■ Data shown ■
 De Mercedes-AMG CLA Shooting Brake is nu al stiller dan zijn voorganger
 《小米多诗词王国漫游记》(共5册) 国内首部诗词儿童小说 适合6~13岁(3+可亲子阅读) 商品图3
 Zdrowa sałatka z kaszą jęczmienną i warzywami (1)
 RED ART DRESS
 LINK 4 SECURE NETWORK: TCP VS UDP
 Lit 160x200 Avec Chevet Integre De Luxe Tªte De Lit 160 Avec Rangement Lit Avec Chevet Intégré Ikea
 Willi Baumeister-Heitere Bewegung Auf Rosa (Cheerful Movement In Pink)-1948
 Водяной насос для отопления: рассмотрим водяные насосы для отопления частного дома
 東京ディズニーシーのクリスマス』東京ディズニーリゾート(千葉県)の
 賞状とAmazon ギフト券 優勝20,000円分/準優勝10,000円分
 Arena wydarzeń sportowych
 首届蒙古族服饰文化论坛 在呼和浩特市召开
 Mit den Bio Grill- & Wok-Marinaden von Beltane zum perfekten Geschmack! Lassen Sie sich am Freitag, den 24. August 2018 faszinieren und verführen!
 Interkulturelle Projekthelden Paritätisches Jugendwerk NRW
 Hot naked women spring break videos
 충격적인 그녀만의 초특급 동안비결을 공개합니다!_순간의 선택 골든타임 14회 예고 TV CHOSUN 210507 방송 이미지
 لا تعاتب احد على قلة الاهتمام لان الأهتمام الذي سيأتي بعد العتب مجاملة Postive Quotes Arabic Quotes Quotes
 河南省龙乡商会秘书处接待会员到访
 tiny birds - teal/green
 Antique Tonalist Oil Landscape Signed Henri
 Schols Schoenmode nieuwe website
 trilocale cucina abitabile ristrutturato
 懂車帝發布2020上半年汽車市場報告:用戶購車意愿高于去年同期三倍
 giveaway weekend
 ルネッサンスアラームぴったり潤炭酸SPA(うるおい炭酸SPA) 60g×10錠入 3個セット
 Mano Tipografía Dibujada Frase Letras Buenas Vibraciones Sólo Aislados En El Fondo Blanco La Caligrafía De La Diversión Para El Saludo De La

■ What is required ■
Return, word for word, the lines of the data above from the line with "충격적인 그녀만의 초특급" through the line with "ルネッサンスアラームぴったり潤炭酸SPA(うるおい炭酸SPA) 60g×10錠入 3個セット", inclusive.

■ Output ■
 충격적인 그녀만의 초특급 동안비결을 공개합니다!_순간의 선택 골든타임 14회 예고 TV CHOSUN 210507 방송 이미지
 لا تعاتب احد على قلة الاهتمام لان الأهتمام الذي سيأتي بعد العتب مجاملة Postive Quotes Arabic Quotes Quotes
 河南省龙乡商会秘书处接待会员到访
 tiny birds - teal/green
 Antique Tonalist Oil Landscape Signed Henri
 Schols Schoenmode nieuwe website
 trilocale cucina abitabile ristrutturato
 懂車帝發布2020上半年汽車市場報告:用戶購車意愿高于去年同期三倍
 giveaway weekend
 ルネッサンスアラームぴったり潤炭酸SPA(うるおい炭酸SPA) 60g×10錠入 3個セット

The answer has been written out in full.